Lie Nielsen advertise it as a violin maker’s plane, though I don’t think there is anything about it that makes it especially well-suited for the tasks involved in violin-making. It’s really just a very small, well made block plane. I can see it being useful for many kinds of small-scale woodworking: model boats, doll’s houses, jewellery boxes, musical instruments, etc.
My one complaint with it is that the blade was dull out of the box. The back and bevel appeared to have been surface-ground and perhaps quickly swiped across a medium grit diamond stone. The surface finish was relatively rough and unpolished, and there was a slight burr at the edge. It would cut if you forced it through the wood but it wasn’t a nice experience. I know people have different standards with regards to tool sharpness and my standards are fairly high, but I wonder how many hand-tool beginners buy a high-end tool like this with the expectation that it is going to work really well straight away. They will have a disappointing first experience of the product because it is basically horrible to use until you have learned how to sharpen the blade. Particularly since the instruction leaflet claims, “The blade comes ready to use. Slight additional honing will increase performance.” Really. It’s a bit like a high-end car maker like Mercedes selling a new car with an empty petrol tank and claiming, “The vehicle comes ready to use. The addition of fuel will increase performance.”

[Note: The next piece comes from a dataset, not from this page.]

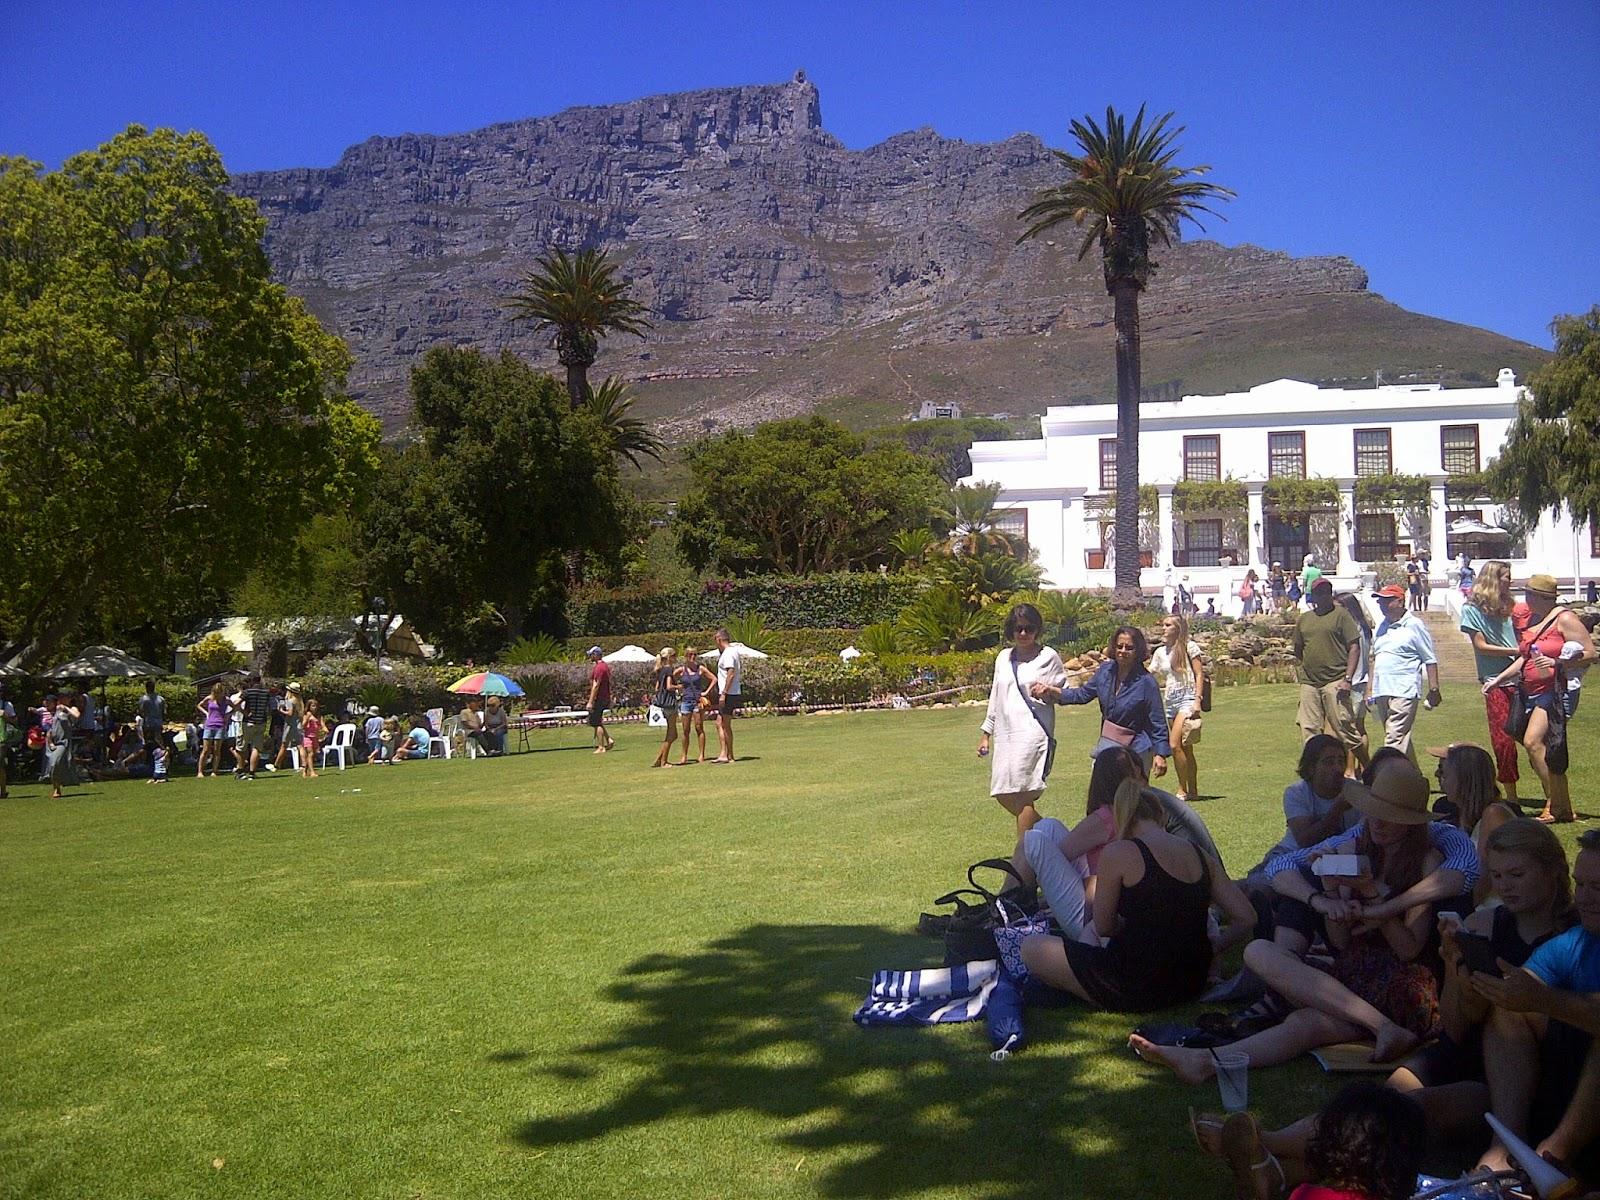 Leeuwenhof vor dem Panorama des Tafelberg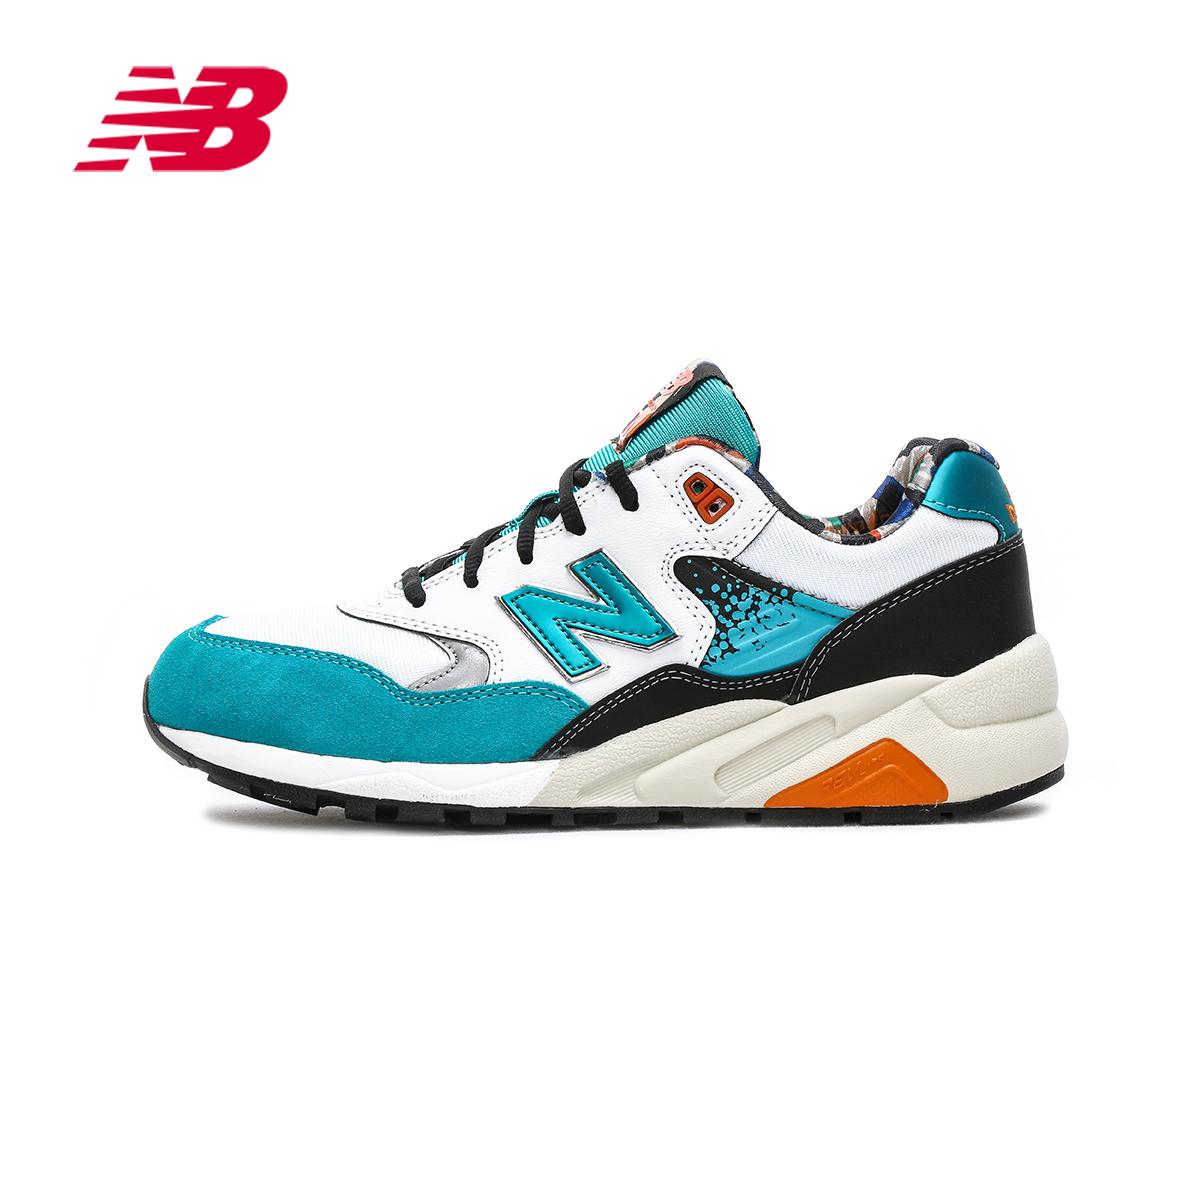 New Balance/NB580系列男鞋女鞋复古跑步鞋运动休闲鞋MRT580HD/HC

There is an interesting parallel between Lie Nielsen’s business model and my own. Most of LN’s tools are basically copies of vintage tools invented by Stanley and others with slight improvements to the design, improved materials, and modern manufacturing methods. The tools aren’t cheap but they are well-made (apart from the dull blade thing) and highly desirable, and as a result their business seems to be very successful.